------ SUPPLIED INFORMATION
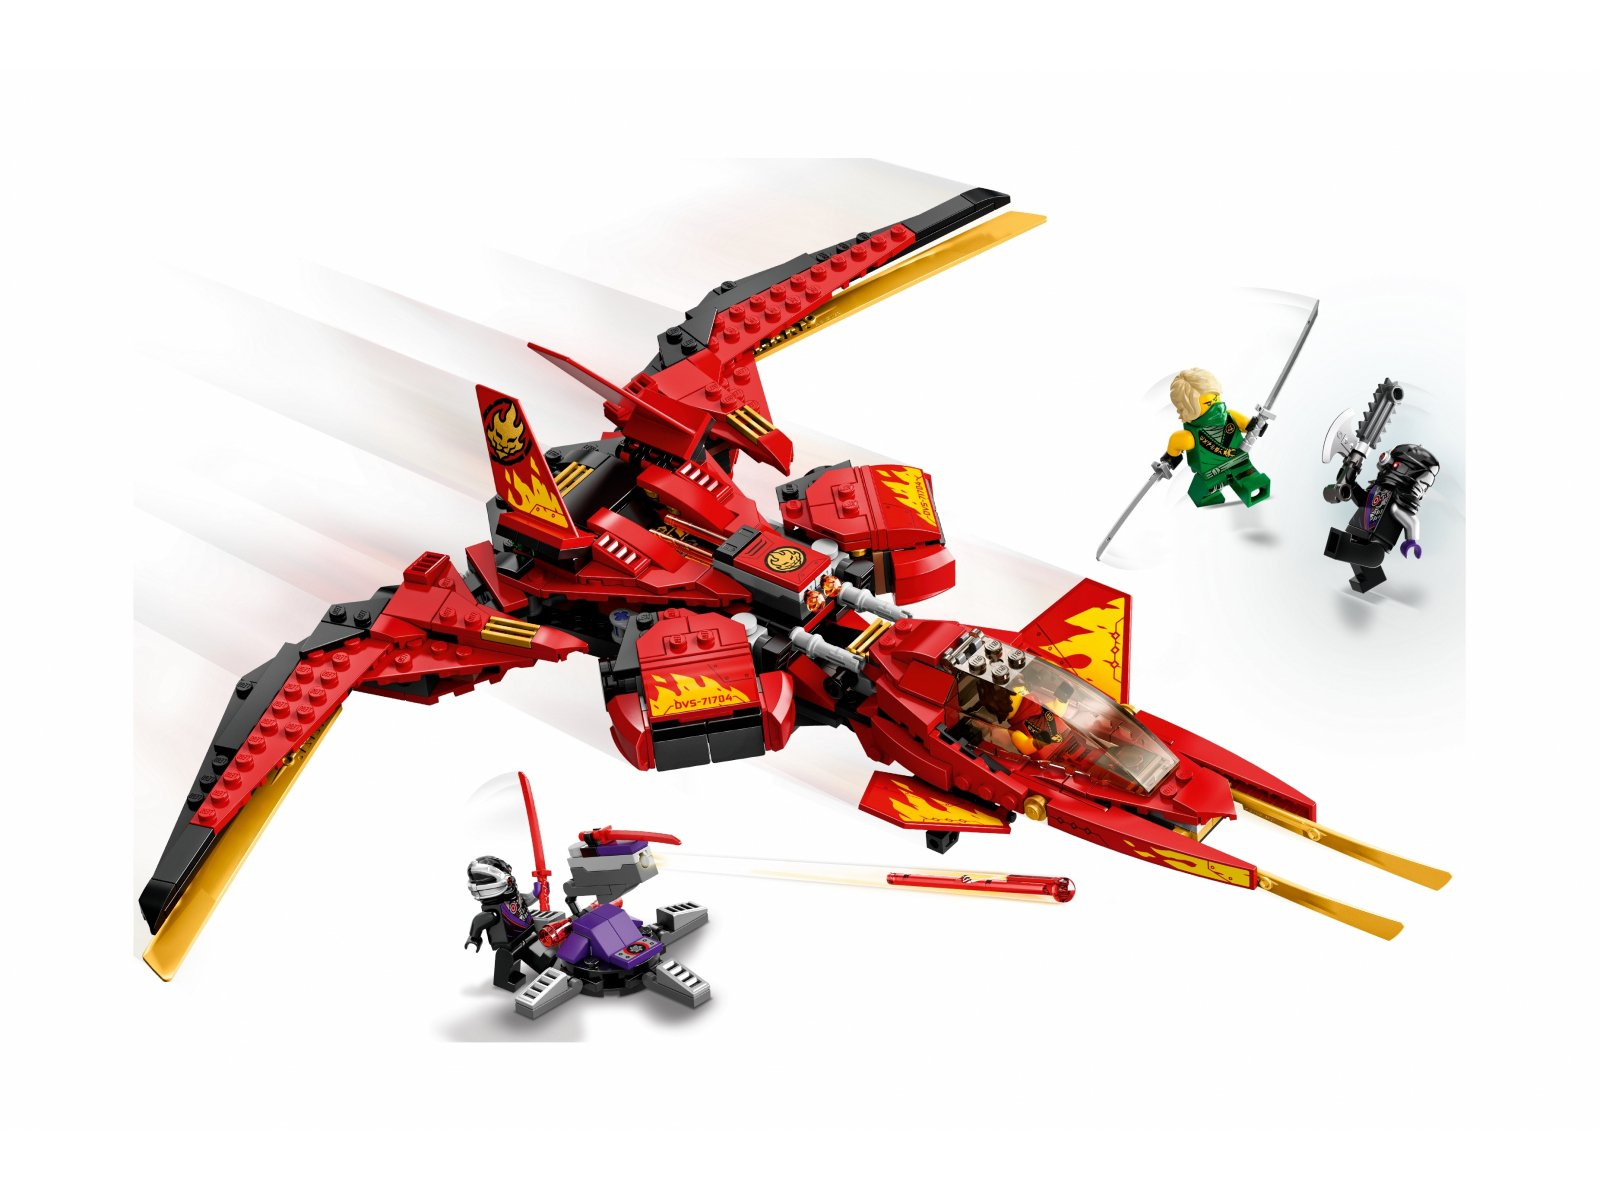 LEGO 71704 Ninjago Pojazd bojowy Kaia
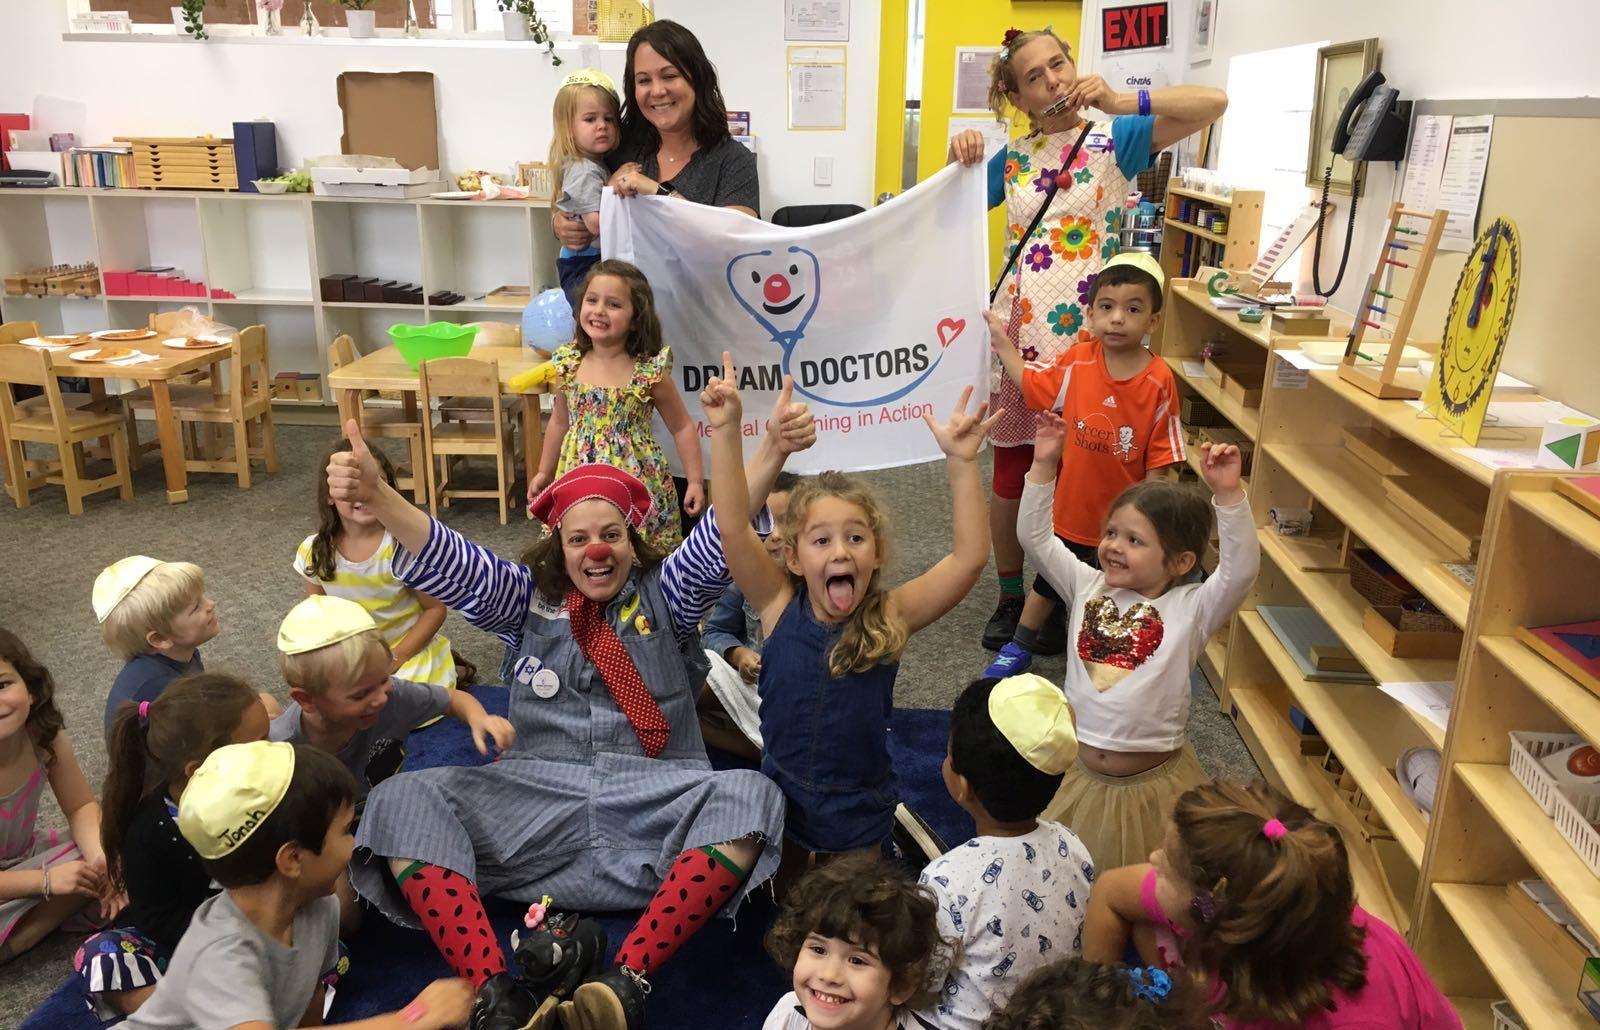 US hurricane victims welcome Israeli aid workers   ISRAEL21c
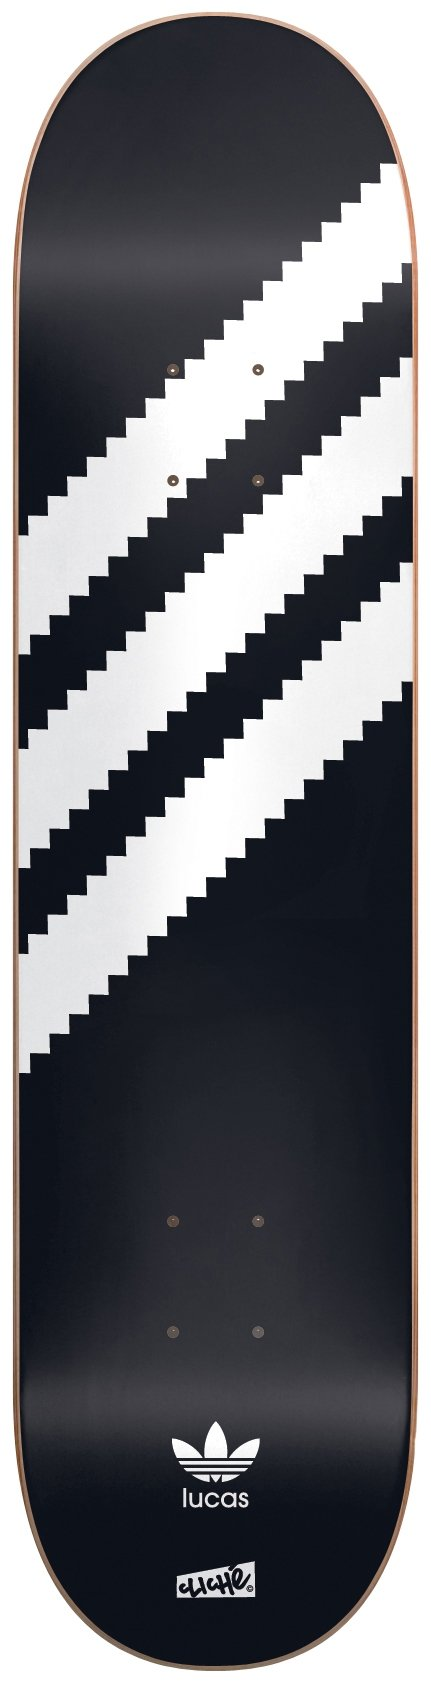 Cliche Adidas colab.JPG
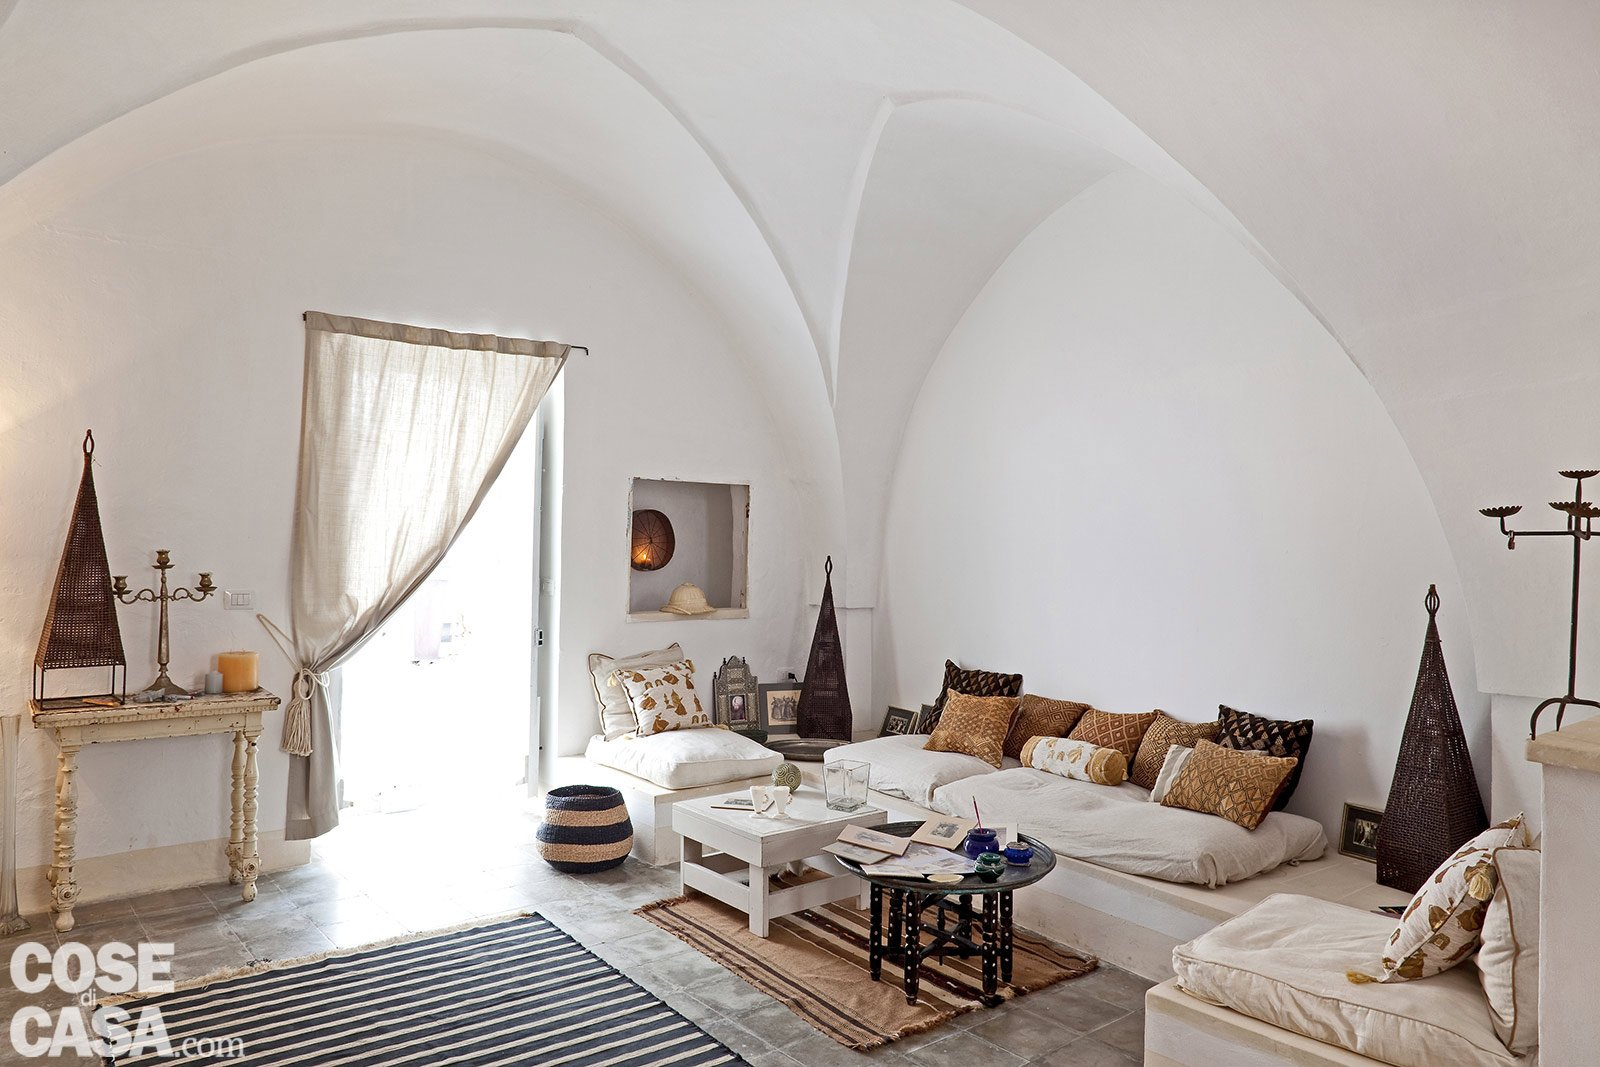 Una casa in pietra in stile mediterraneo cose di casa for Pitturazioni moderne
------------
__TASK DIRECTIONS__
The output must start at the line holding "Cliche Adidas colab.JPG", end at the last line of the listing above, and show each line exactly; please omit all pictures.

__SOLUTION__
 Cliche Adidas colab.JPG
 Una casa in pietra in stile mediterraneo cose di casa for Pitturazioni moderne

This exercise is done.